2d 141, 151-52, 289 N.W.2d 813 (1980). As
we reasoned in Hampton,
when the trial court found the testimony of the defendant and his counsel less
credible than that of the bailiff and the juror, the “[credibility]
determination [wa]s sound as both [the defendant] and his counsel had an
interest in the outcome. The bailiff and
the juror did not.” See Hampton, 217 Wis. 2d at 623. As we acknowledged in Hampton, “[w]e are not empowered to
substitute our own credibility determinations for those made by the trial
court.” Id. (citing
Merta,
95 Wis. 2d at
152).
¶13 In Hampton, the remand hearing was to develop a record on whether
the sleeping juror deprived Hampton of his right to a fair trial; the remand
hearing in Cucuta was to also and preliminarily determine whether there
was a juror who “nod[ded] off” or slept during the trial. Cucuta
has not proven that preliminary fact on which the alleged deprivation of a fair
trial depends. The trial court’s factual
findings that “no juror was involved in any inattentiveness based upon either
sleepiness or drowsiness” is not clearly erroneous. We cannot proceed to analyze prejudice
without a sleeping or inattentive juror to cause that prejudice.

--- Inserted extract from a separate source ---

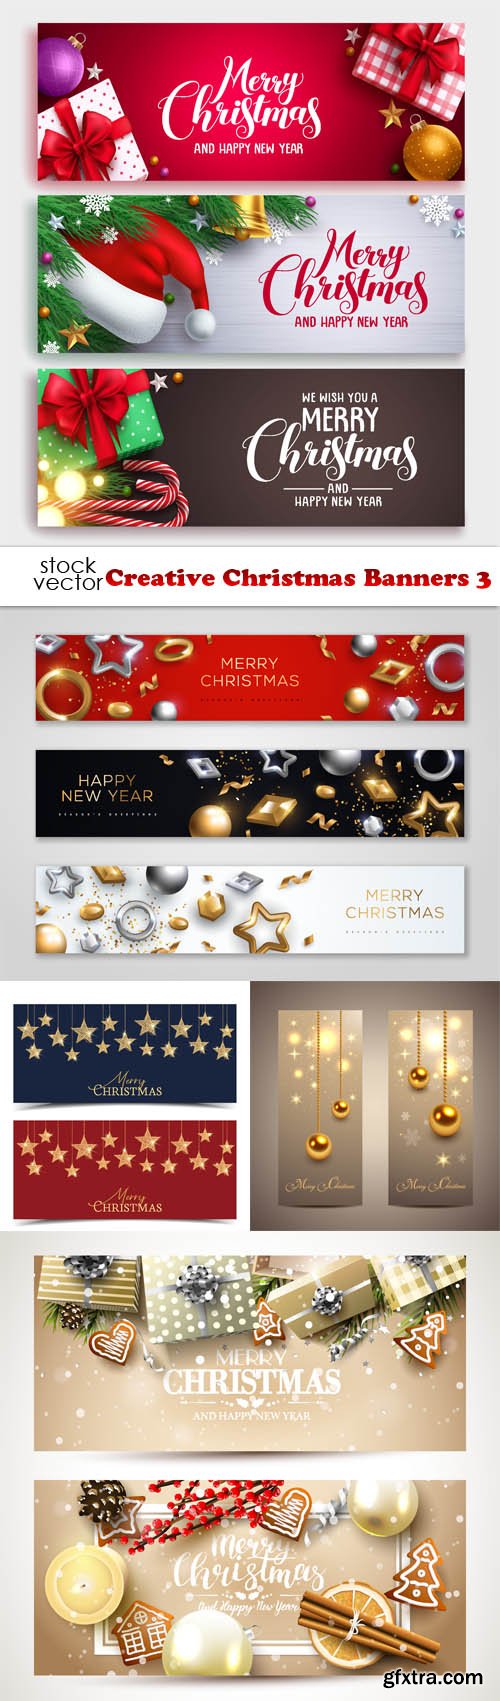 Vectors - Creative Christmas Banners 3

¶14 There was no contemporaneous record of the juror who was
allegedly inattentive or sleeping during the trial. Without objecting to and making a record of
that juror’s inattentiveness, there was no issue for appellate counsel to
pursue in the original postconviction motion or on direct appeal. Notwithstanding the absence of an objection
and a record on this issue, we ordered a remand and the appointment of counsel
to permit Cucuta
to reconstruct the record on this issue.
Each woman who served on Cucuta’s
jury was subpoenaed and questioned on the inattentiveness issue. Cucuta
then presented those additional witnesses he deemed necessary to prove his
claim that was dependent upon the preliminary and necessary proof that a juror
had been inattentive or sleeping during the testimony. The trial court found that Cucuta did not meet that preliminary and
necessary showing. That finding is not
clearly erroneous. Without a showing of
a juror’s inattentiveness there can be no showing of prejudice. Our affording Cucuta the opportunity to belatedly
reconstruct the record does not negate his burden to prove that he is entitled
to a new trial. He has not met that
burden.
By the Court.—Order affirmed.
This
opinion will not be published. See Wis.
Stat. Rule 809.23(1)(b)5. (2007-08).